Optimum-path forest in support of collaborative filtering

Detalhes bibliográficos
Ano de defesa: 2023
Autor(a) principal: Martins, Guilherme Brandão
Orientador(a): Papa, João Paulo lattes
Banca de defesa: Não Informado pela instituição
Tipo de documento: Tese
Tipo de acesso: Acesso aberto
Idioma: eng
Instituição de defesa: Universidade Federal de São Carlos
Câmpus São Carlos
Programa de Pós-Graduação: Programa de Pós-Graduação em Ciência da Computação - PPGCC
Departamento: Não Informado pela instituição
País: Não Informado pela instituição
Palavras-chave em Português:
Palavras-chave em Inglês:
Área do conhecimento CNPq:
Link de acesso: https://repositorio.ufscar.br/handle/20.500.14289/19885
Resumo: Machine learning algorithms are being applied in various computational challenges, among which Recommender Systems (RS) present a range of techniques and approaches to effectively manage large volumes of data and provide personalized and relevant content to users.
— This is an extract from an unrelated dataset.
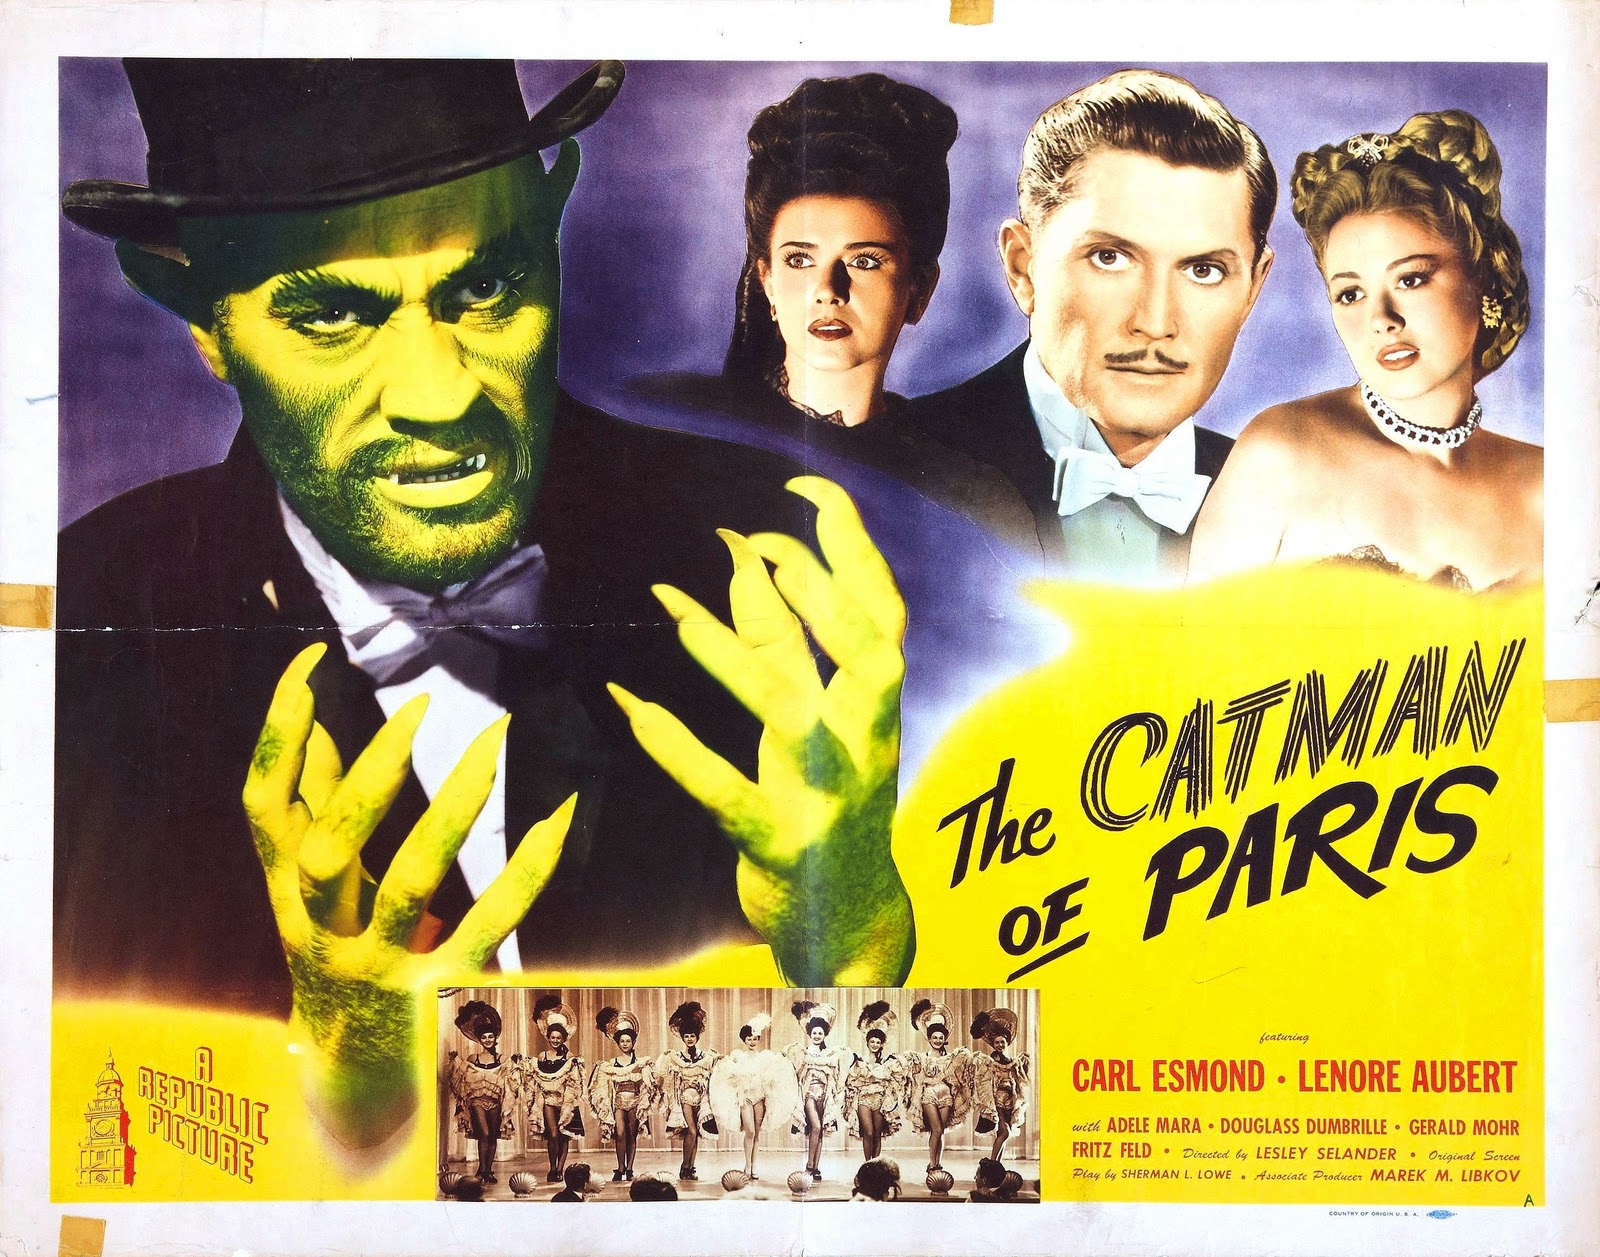 The Catman Of Paris [1946]

Such systems must be able to handle data-related issues such as sparsity, scalability, and the cold start problem and Collaborative Filtering (CF) has traditionally been the primary strategy for addressing those challenges. One way to tackled those problems and improve recommendation results is by leveraging auxiliary information sources to compensate the lack of CF data, such as user-item interactions. However, different interpretations of the mentioned problems should be explored. The current work contributes in the field of machine learning by proposing approaches to address the mentioned challenges. This thesis presents a collection of works developed by the author throughout the research period, which have been published or submitted up to the present, encompassing: (i) a systematic literature review which analyzes and discuss recent deep learning approaches employed for CF under sparse-related conditions, while also identifying the challenges and limitations within the field; (ii) a Matrix Factorization (MF)-based ap- proach that leverages CF-related sparsity for the purpose of classifiers fusion; (iii) an alternative unsupervised Optimum-Path Forest (OPF) designed to perform efficiently in large-scale datasets by employing k-approximate-nearest-neighbors graph as its adjacency relation; and (iv) an OPF clustering model built upon the shared-neighborhood concept to alleviate sparsity and high dimensionality issues during CF-based recommendation. The experimental results achieved through such works corroborate the hypotheses of the present thesis.